There’s renewed hope that plans for the restoration and preservation of the Allen Cemetery, a 20 foot by 10 foot abandoned property nestled between the backyards of two homes on Pearce Place in Great Neck Plaza can soon move forward.
The optimism for the project’s completion came from the Town of North Hempstead’s historian Howard Kroplick during his appearance last week as a guest of the Great Neck Historical Society. “We’re going to be meeting with the Great Neck Plaza people, probably, within the next month,” said Kroplick, “and really come up with a plan. We’ve been working with them for about a year-and-a-half.”
“We’ve been working not only with the Plaza but with the Great Neck Historical Society on it, and with the Allen family, too,” he added. “We had to get all of our legal documents together.”
Kroplick kept the Historical Society audience gathered in the Community Room of the main branch of the Great Neck Library enthralled during an hour-long multimedia presentation on both the history of Great Neck and of North Hempstead. Having recently published a history of North Hempstead as part of Arcadia Publishing’s Images of America series, Kroplick also participated in a book signing with all proceeds going to his favorite charity, Child Abuse Prevention Services.
Introduced by Society President Alice Kasten, Kroplick gave credit to former Town Clerk Leslie Gross, also in attendance, for advising him throughout the process of writing the book. “It was very challenging to go through over 5000 documents and reduce it to 200 that could fit,” remarked Kroplick. Gross wrote the foreword to the book.
While giving a very concise, concentrated history of North Hempstead, well illustrated with many images and documents from the book, Kroplick interspersed his presentation with information of particular interest to Great Neck residents.
Among the many well known and not-so-well known items that Kroplick mentioned in regard to the area were: the song “Over There” was written by George M. Cohan, was composed in Cohan’s Kings Point home; Groucho Marx purchased a home in Thomaston in 1929 while he starred on Broadway and films made in New York; the Long Island Rail Road’s first Great Neck Station was built in 1883; D.W. Griffith, the legendary filmmaker, made a movie with W.C. Fields in Russell Gardens in 1925; there is an actual saddle “rock” and it’s in Little Neck Bay and somewhat resembles a saddle in shape; while many are aware that the temporary home of the United Nations was in Lake Success, few remember that the actual vote establishing the Jewish state of Israel was taken there; North Hempstead was part of Queens County until 1899.

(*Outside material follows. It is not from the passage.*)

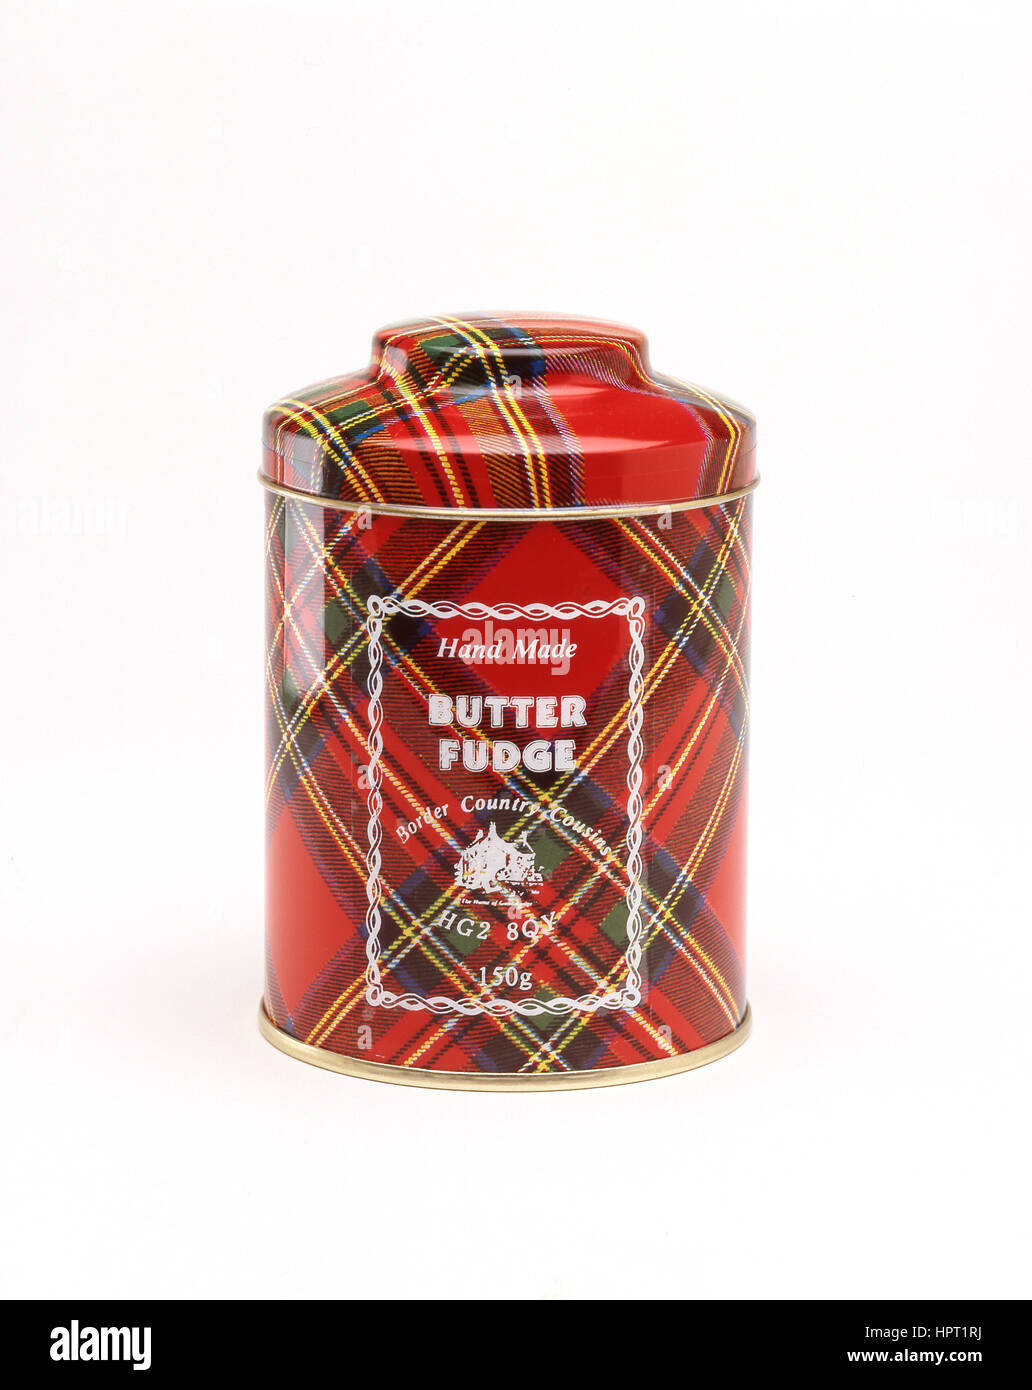 Hecho a mano la mantequilla escocesa fudge, Inverness, Scottish Highlands, Scotland, Reino Unido Foto de stock

Kroplick went into further detail about the Allen cemetery during his presentation. “This is on private property,” said Kroplick, who serves North Hempstead in an unpaid position. “This was the dispute. Nobody knew who owned it and basically it’s the Allen family that still owns it. If it’s abandoned, it’s the town’s responsibility. Towns are responsible for abandoned cemeteries (under state law). But we’re going to be working with Great Neck Plaza. And I’m very optimistic that it’s going to be worked out.”
By using ground penetrating radar equipment at the site last July, it was confirmed that there were actually six members of the Allen family buried there during the 19th century. The gravestones had been moved and propped up against a fence but the graves are still there. Currently, there is no public access to the site, but the property can be seen from the second level of the Gussack Plaza Garage (behind Village Hall) by looking over the back wall.
“We’re waiting for our town attorney, who’s coordinating with outside counsel for Great Neck Plaza to set up a meeting and we’re hoping for a meeting in late May or early June,” Kroplick said.
The Allen family, at one time, owned nearly one third of the Great Neck Peninsula. “The whole area around the municipal lot was part of the Allen farm,” Kroplick added. Daniel K. Allen’s will specified that the cemetery would remain in the family when he left the farm to two of his nephews in 1861.